Зато у мамы родных был легион, и она свято чтила свои родственные связи, так чтила, что это почти и не зависело от поведения самого родственника. Как будто это был некий родственный императив. Так, тот же «папа Кока», ее младший брат, часто над ней шутил совсем не безобидно, угощал ее селедкой, когда сам ел паюсную икру, предлагал ей мармелад, шоколад оставляя себе, и т. п. Нельзя сказать, что мама этого не замечала или не обижалась, — и замечала, и обижалась; она даже всем рассказывала, что Анна Семеновна, жена другого ее брата, угощает мясом «с душком» и черствым хлебом. Однако она продолжала ходить в оба дома, продолжала любить этих родственников. Ее поведение в отношении арестованного брата и потерявшей дочь Анны Семеновны было самоотверженным и сердечным. Да и они ее признавали и любили.
Некоторая доля фальши никого не смущала. Может, она вообще неизбежна во всяких человеческих отношениях («Всякий человек есть ложь»[2]!), а в отношениях между родственниками, которых выбирать мы не вольны, — тем более?..
Особенно неискренни — и с обеих сторон, как я представляю, — были отношения с «тетей Маней Семеновой», которую за глаза иначе как «Семёнихой» мама и не называла. Семёниха жила на Лубянской площади, на втором этаже углового дома, которого уже давно нет и в котором еще с мирных времен помещался букинистический магазин. Окно ее единственной комнаты обращено было к Китайгородской стене, у подножия которой был в те годы большой книжный развал. (Теперь давно уже нет ни книжных развалов, таких богатых и дешевых, где за гроши можно было купить Жюля Верна и Майн Рида, Шекспира и Островского, как нет и Китайгородской стены, снесенной после несчастного обвала одного из ее фрагментов, дабы не заботиться о ремонте.)

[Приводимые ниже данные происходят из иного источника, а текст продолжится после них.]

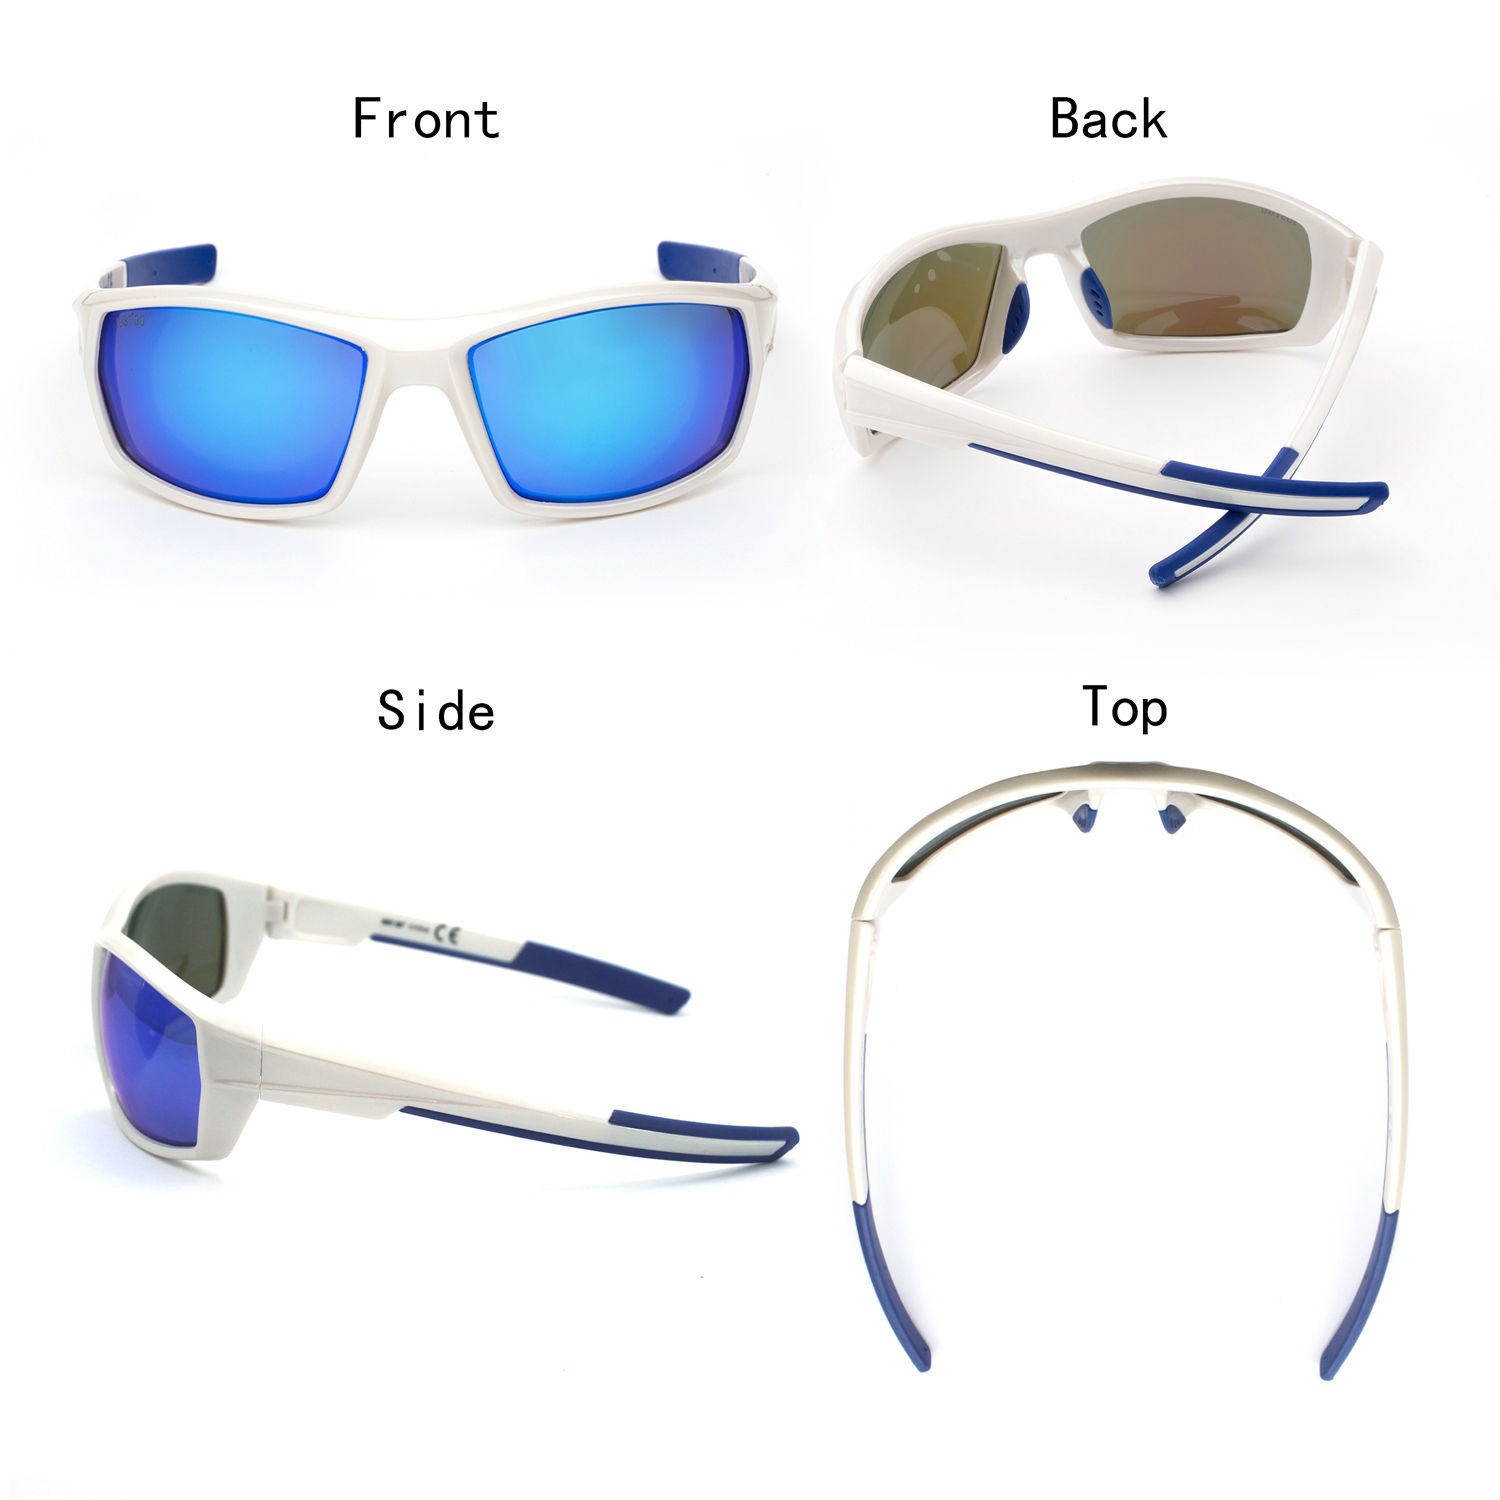 JUST GO Men's Polarized Lens Sports Sunglasses for Cycling Riding Baseball Running Golf, White, Revo Blue - image 4 of 7

В моих глазах единственным достоинством Семёнихи было то, что жила она поблизости от Ивановых и Масловой, двух особенно приятных мне маминых знакомых, так что обыкновенно мы, посидев недолго у Семёнихи, шли в один из этих домов. Вообще всё в тогдашней Москве было близко, в крайнем случае почти всегда можно было обойтись «одиннадцатым номером», как говорила мне мама, т. е. пройти пешком.
Эту тетю Маню Семенову я хорошо зрительно помню и сейчас — пожилая женщина с крупными чертами овального лица, с мешками под глазами. Она действительно приходилась мне двоюродной или троюродной теткой, а потому по ритуалу ее полагалось навещать по крайней мере три раза в год: на Пасху, на Рождество и в день ее ангела. «В остальное время года» ни мы о ней, ни она о нас не думали. Впрочем, все это было так — и Пасха, и день ангела, и обязательные визиты — до новой волны голода и террора, ознаменовавшей судорожное стремление большевиков продолжить свой социалистический эксперимент. Этот очередной всплеск революции еще более сократил и упростил все человеческие отношения, минимизировал нашу жизнь до совершенного убожества. Но в 20‑е годы мама еще соблюдала ритуал, хотя Семёниху терпеть не могла, как и ее дочь Мусю, которая, по мнению мамы, была, как и ее матушка, уж очень заносчива.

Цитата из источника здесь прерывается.